Among the five love languages are physical touch, quality time, acts of service, words of affirmation and gift-giving.

Gift-giving is the most tangible love language and can be satisfied with small tokens of appreciation, like a partner's favorite snack or unexpected flowers, or larger, more-expensive gifts.

For those whose dominant love language includes gifts, however, sentimentality is key and can deepen romantic connections or, in cases where one partner is blissfully unaware or just ignorant, a lack of sentimentality can create a massive disconnect.

"If you or your partner's love language is gifts, that means you feel loved [or that you're demonstrating love] with a tangible item," relationship coach Mark Williams said in an interview with Very Well Family. "Whether that item is a tiny trinket...or a 50-foot sailboat is inconsequential. Either convey the same message: I was thinking about you when I saw this. You're always on my mind."

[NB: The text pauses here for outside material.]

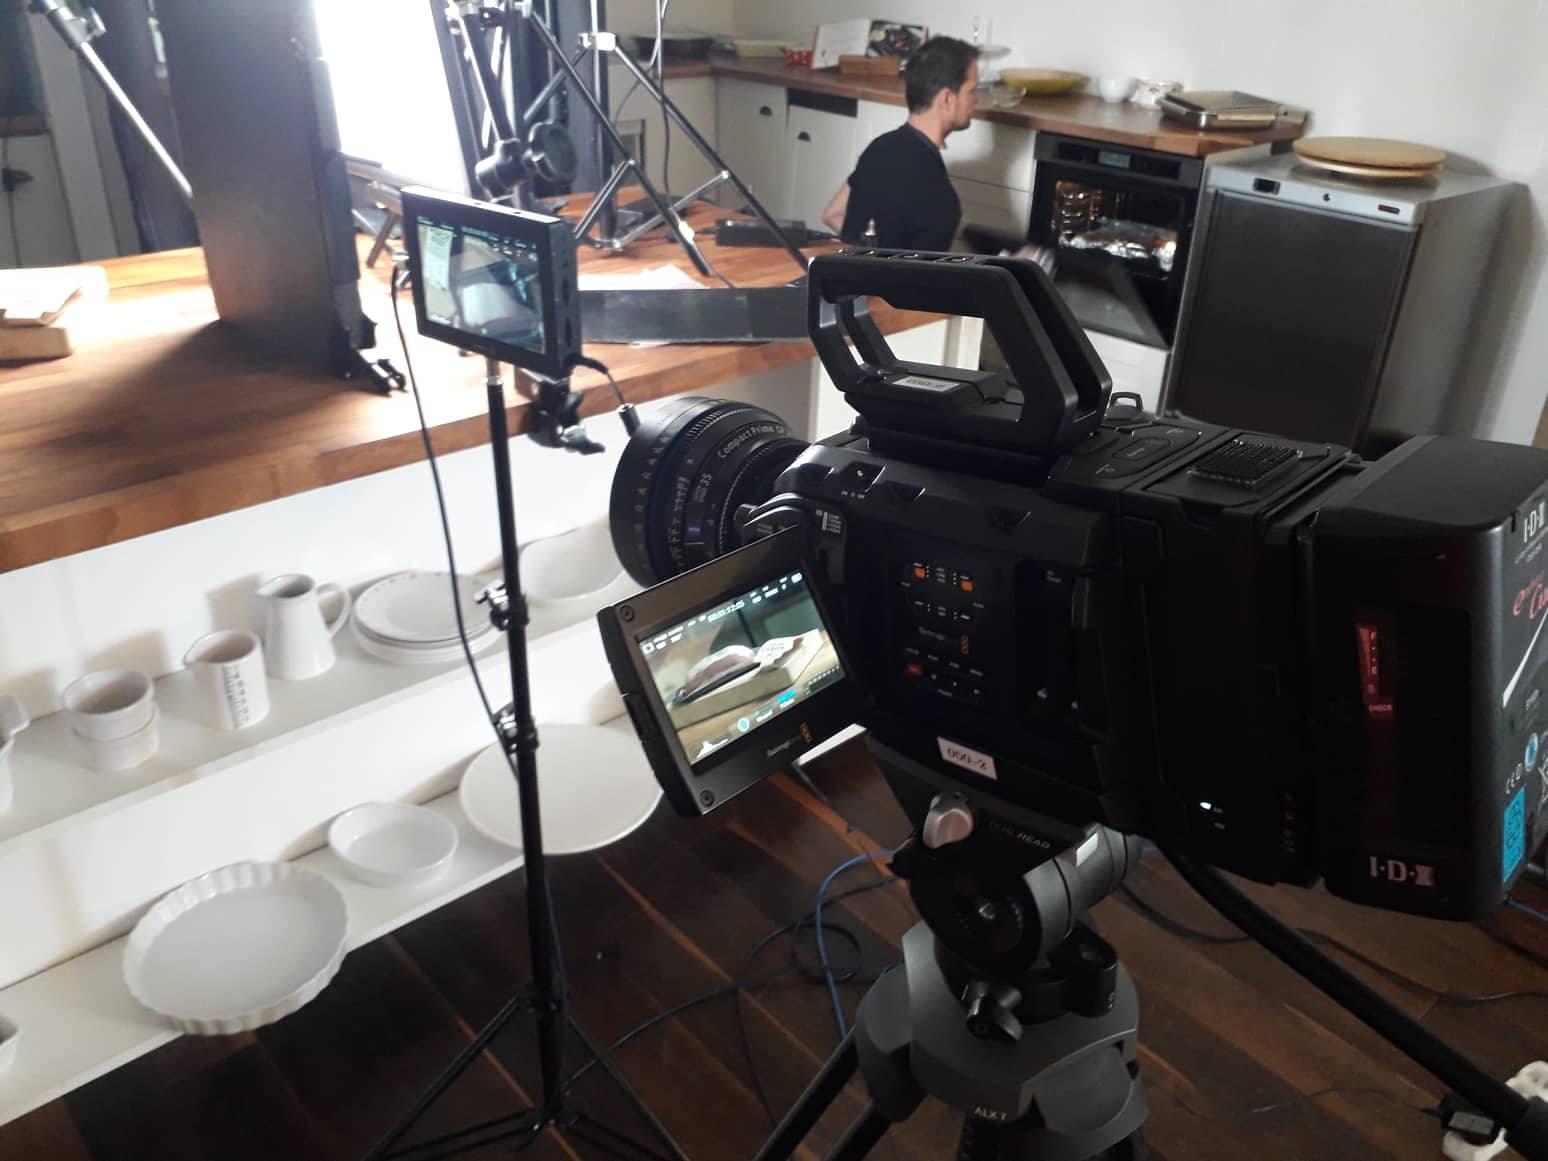 acomware-kostelecke-uzeniny-pripadova-studie-ukazka-kamery
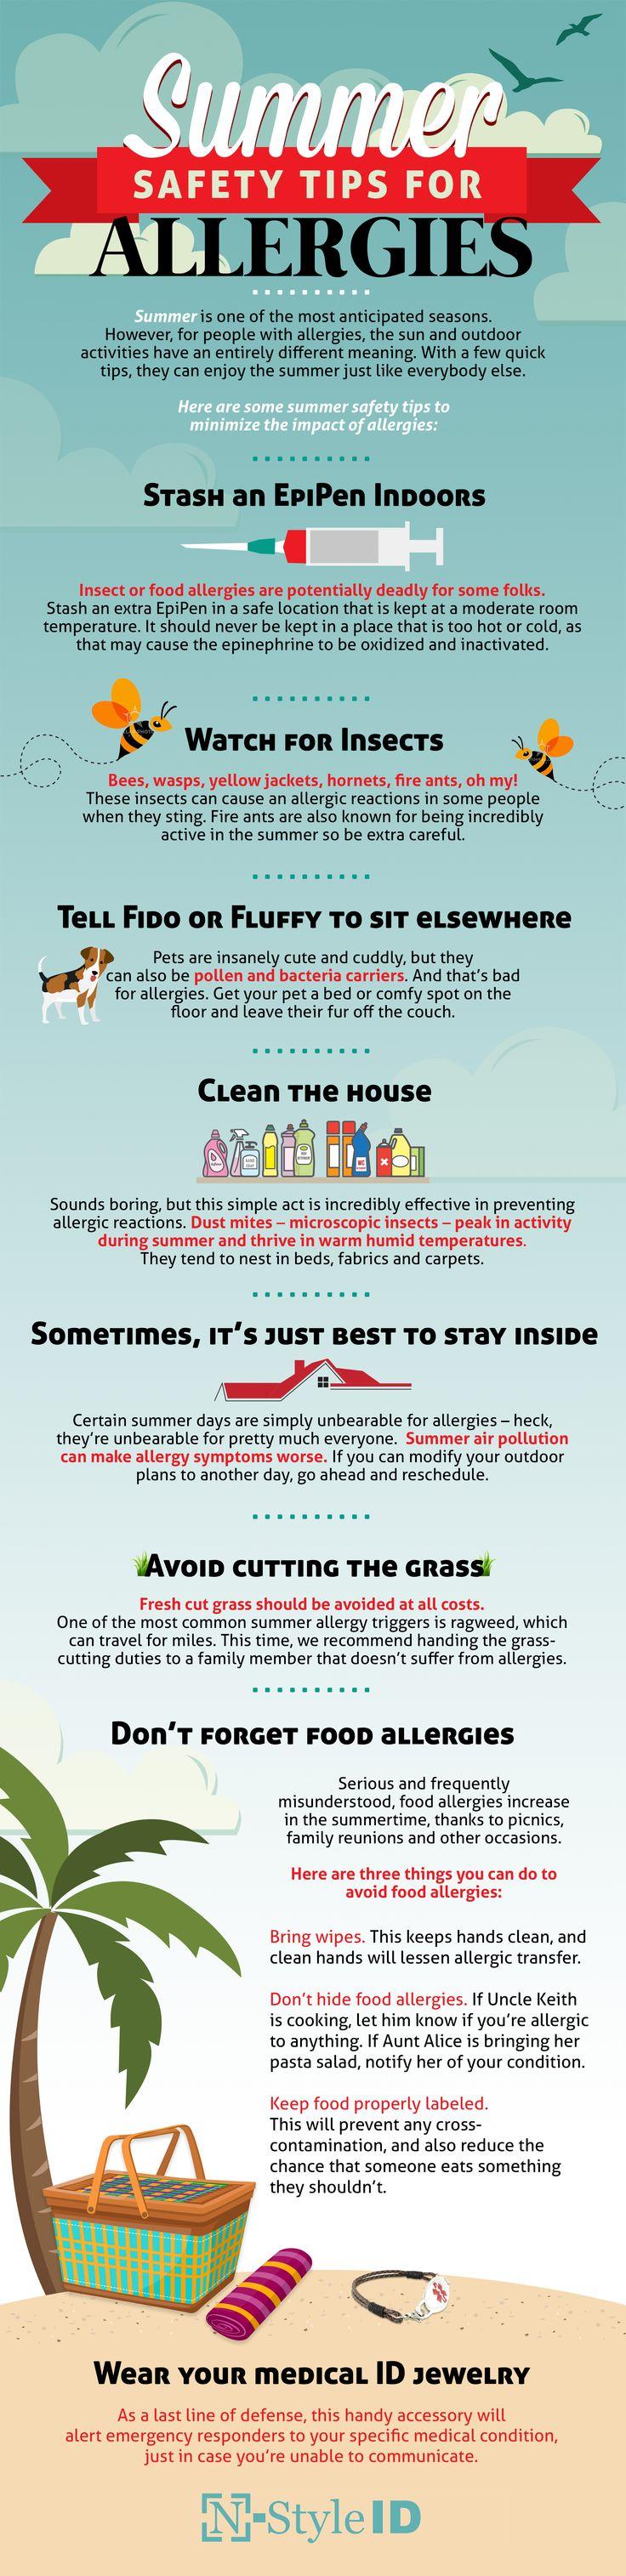 Best 25 Summer safety tips ideas on Pinterest

"The dark side of knowing each other's love languages is that you also become equipped with the knowledge of how you might hurt your partner," Williams added. "Not getting [a partner] a gift on an anniversary or special occasion would be acutely hurtful...as would approaching the gift-giving as more a chore than an opportunity."

Stand off between teen and stepfather
Members of Reddit's r/AmITheA**hole forum called out one man for demanding to know how much his stepson spent on a birthday gift for his mother. T Turovska/iStock / Getty Images Plus

Although the original poster assured that her husband's attitude towards gift-giving is a result of extreme frugality, Redditors responding to her viral post slammed the man for blatantly ignoring OP's requests over the years, as well as his response to being "embarrassed" by a 17-year-old's birthday gift for his mother.

"I love how your son stood up for you and I applaud him, he said what needed to be said, especially given your husband's nosy reaction," Redditor u/mak-ina-myn wrote in a comment which has received more than 4,000 votes. "You are [not the a**hole].

"He didn't correct the son [because] he knew the son was right," Redditor u/afresh18 added, receiving more than 1,000 votes. "He expected OP to correct [him] for saying one of the things that's objectively true but people just don't say."

Redditor u/InterwebHero20, whose comment has received nearly 3,000 votes, offered a similar, but more simple response.

"Lol, your husband got wrecked," they wrote. "He should be embarrassed for being miserly."

"Unfortunately your husband was rude - there's no need for that," Redditor u/No_Assistance_14 chimed in, receiving more than 1,200 votes. "He's [the a**hole] here."

In the post's top comment, which has received nearly 16,000 votes, Redditor u/body_by_art praised the original poster's son for giving such a thoughtful gift and agreed that her husband embarrassed himself by demanding to know how much it cost.

"Your son is an almost adult...he shouldn't even be questioned where his money is going," they wrote. "Also it is in really bad taste to ask how much a gift costs, especially in front of the recipient."

"He embarrassed himself," they added.

Newsweek reached out to u/Professional_Art3411 for comment.